First you need to get the car off the ground. If you don't have a floor jack and jackstands, the Nissan jack will work - one corner at a time!

Tools needed:
Jack and 1-4 Jackstands
Rental Strut Spring Compressor ($9.50 for 4 hours)
14, 17, 19 mm Sockets, Ratchet, 3" Extension
17, 19mm Wrench
Flat Screwdriver
Lug Wrench

I have to recommend using a torque wrench and factory torque specifications during reassembly(I didn't). There also appeared to be some thread lock on the suspension bolt threads so you may also want to pick up some thread locker and apply a few drops to each fastener during reassembly(I did). Please be careful so you don't hurt yourself and have to sue me!


Front first - remove the brake line clip with a flat screw driver and a bump from your palm. Remove the brake line from the bracket. Remove the ABS sensor wire from the two holders if present. Remove the 2 large 19mm nuts from the lower strut bolts (17mm heads), then remove the bolts.


Now remove the sway bar link. Hold the hex on the back side while removing the nut.


Loosen the top center strut bolt (do not remove). Support the suspension with a floor jack, or have your helper support it while you remove the three upper 14 mm nuts. (these are under your hood)

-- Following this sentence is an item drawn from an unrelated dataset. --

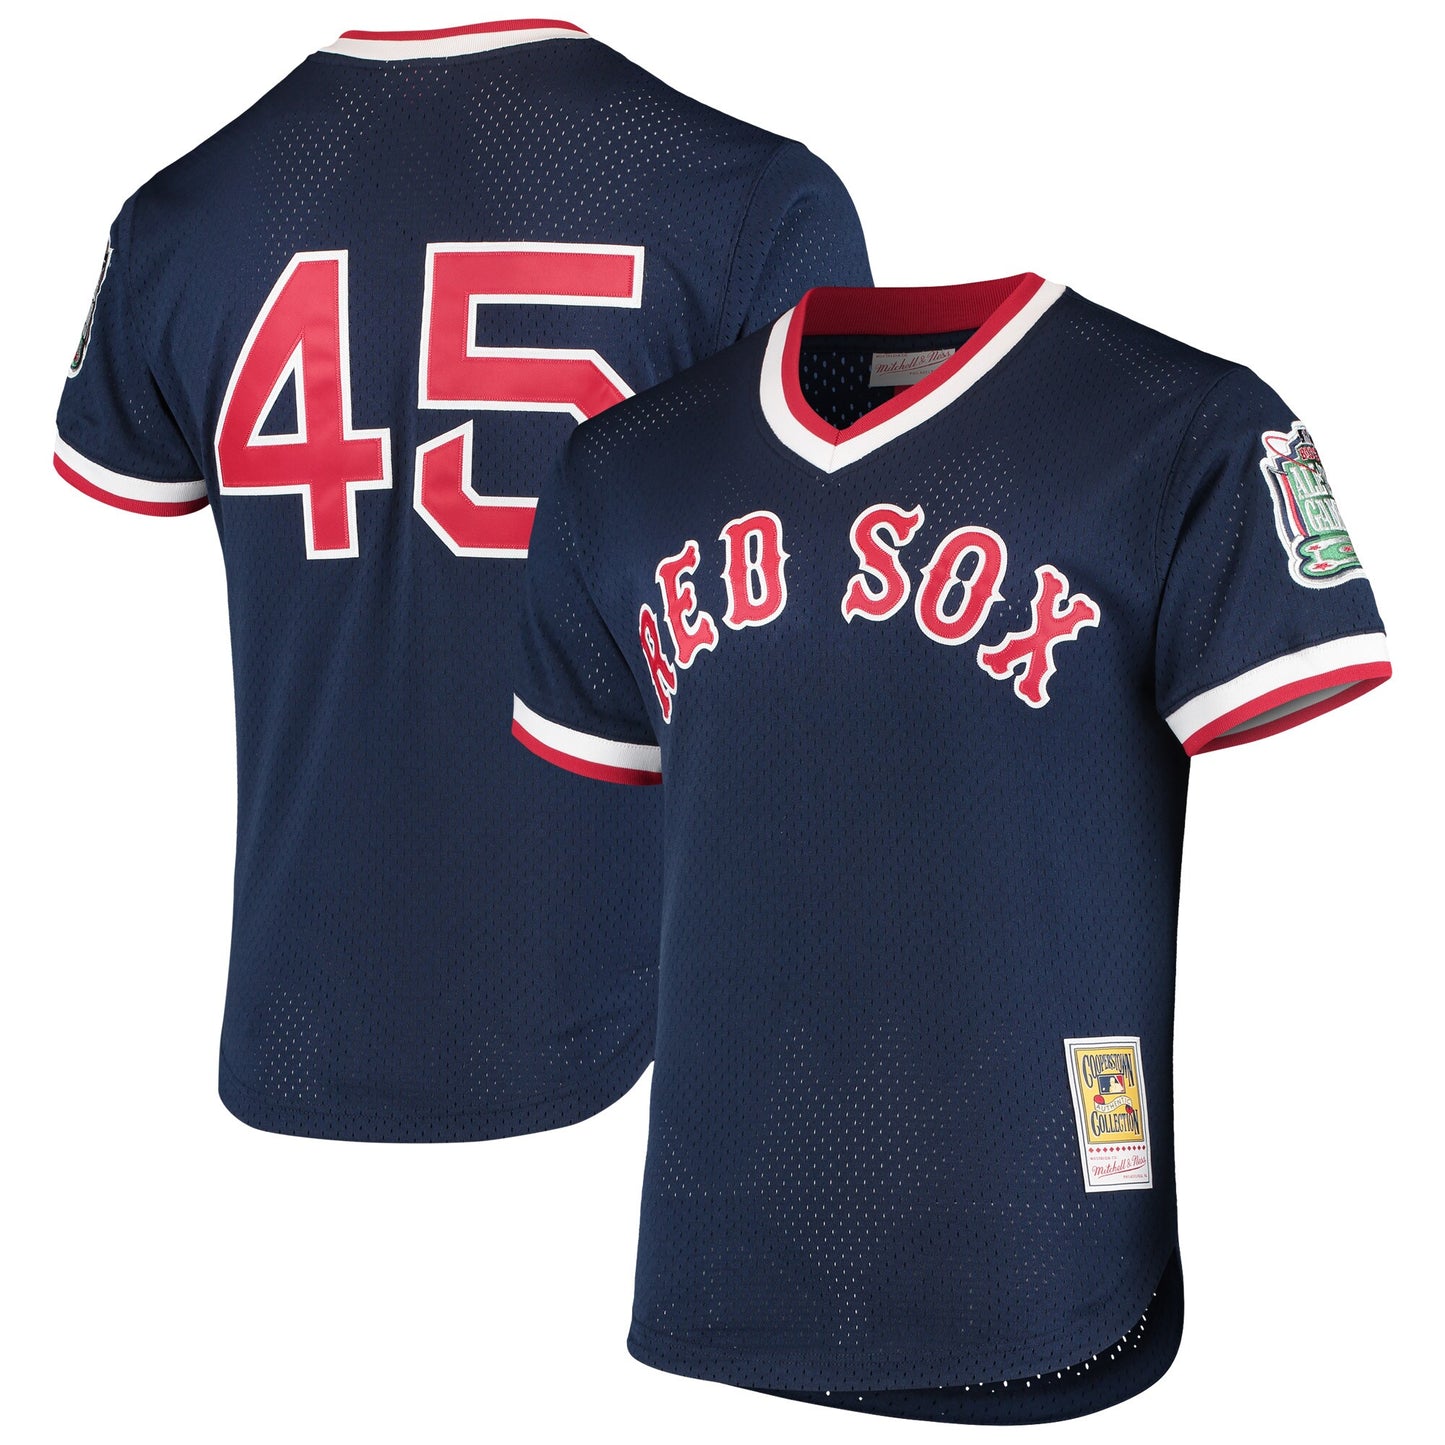 Pedro Martinez Boston Red Sox Mitchell & Ness 1999 Cooperstown Collection Mesh Batting Practice Jersey - Navy

The struts will fall right out.
The next step is to swap the springs on the struts. I used a rental spring compressor and followed the instructions included. Alternatively, you could bring the struts to a shop and have the springs changed for a nominal fee.
If you elect to do it yourself, clamp the springs with the compressor. I was only able to grab one coil spacing due to the lack of coils on the OEM spring, and the threads on the compressor bottomed out before the spring pulled away from it's perches, however, there are plenty of threads on the upper strut nut and tension was fully released before the nut was off. Remove the upper nut, upper mount and gray washer thingy. Replace the OEM spring with the Eibach, which only fits one way. Align the notches top and bottom, and reinstallation is the reverse of removal, except that you don't need the compressor. One person applying pressure to the assembly while another starts the nut worked for me. Just snug the nut for now, it can be fully tightened after installation. The upper mount holes are assymetrically spaced to insure proper positioning during reinstallation. There is a thin gasket between the strut mount and body that remained stuck to the body on my car.


The rear couldn't be any easier!
First support the lower control arm (do not lift it, just support it) as shown. Then remove one bolt - 19mm nut and 17mm bolt head same as the front lower strut bolts. Then lower the jack and the lower arm will drop. Pull out the jack, and push the lower control arm down even farther to remove the spring and the upper and lower bushings.


And slip in the Eibach!...but first, reinstall the upper bushing. Crawl under and you'll see some metal tabs in the upper perch that engage slots in the bushing. Place them over the tabs and then turn them 1/8 turn and they'll hang there. Reinstall the lower bushing lining up the notch. Place the spring into position (with the labeling right-side-up!) on the upper bushing, and rotate it to align the lower end of the spring with the recessed notch in the perch. The top is not notched.
Then lift the arm up with the floor jack to align the bolt hole. Reinstalling the bolt effortlessly requires that the lower arm be twisted slightly. I inserted a 1/2" breaker bar horizontally through the two large holes near the outer end of the lower control arm to twist it in the right direction. I assumed that this is why those holes were there!


----------



## Alti9 (Apr 13, 2005)

craigqc said:


> spring install is fairly easy if you know what you are doing. youll need a spring compressor for the fronts. you can rent one from pep boys or some plce like that if you dont have one. other wise its an easy install. with a prokit you will be ok without a camber kit. if you go with sportlines you'll need the camber kit.
> ill see if i can find you a write up.
> dont forget to get an alignment!


Thanks. Ive done springs on a mustang before, but they use a modified strut in the front, which was fairly difficult. I suppose the alti will be much easier.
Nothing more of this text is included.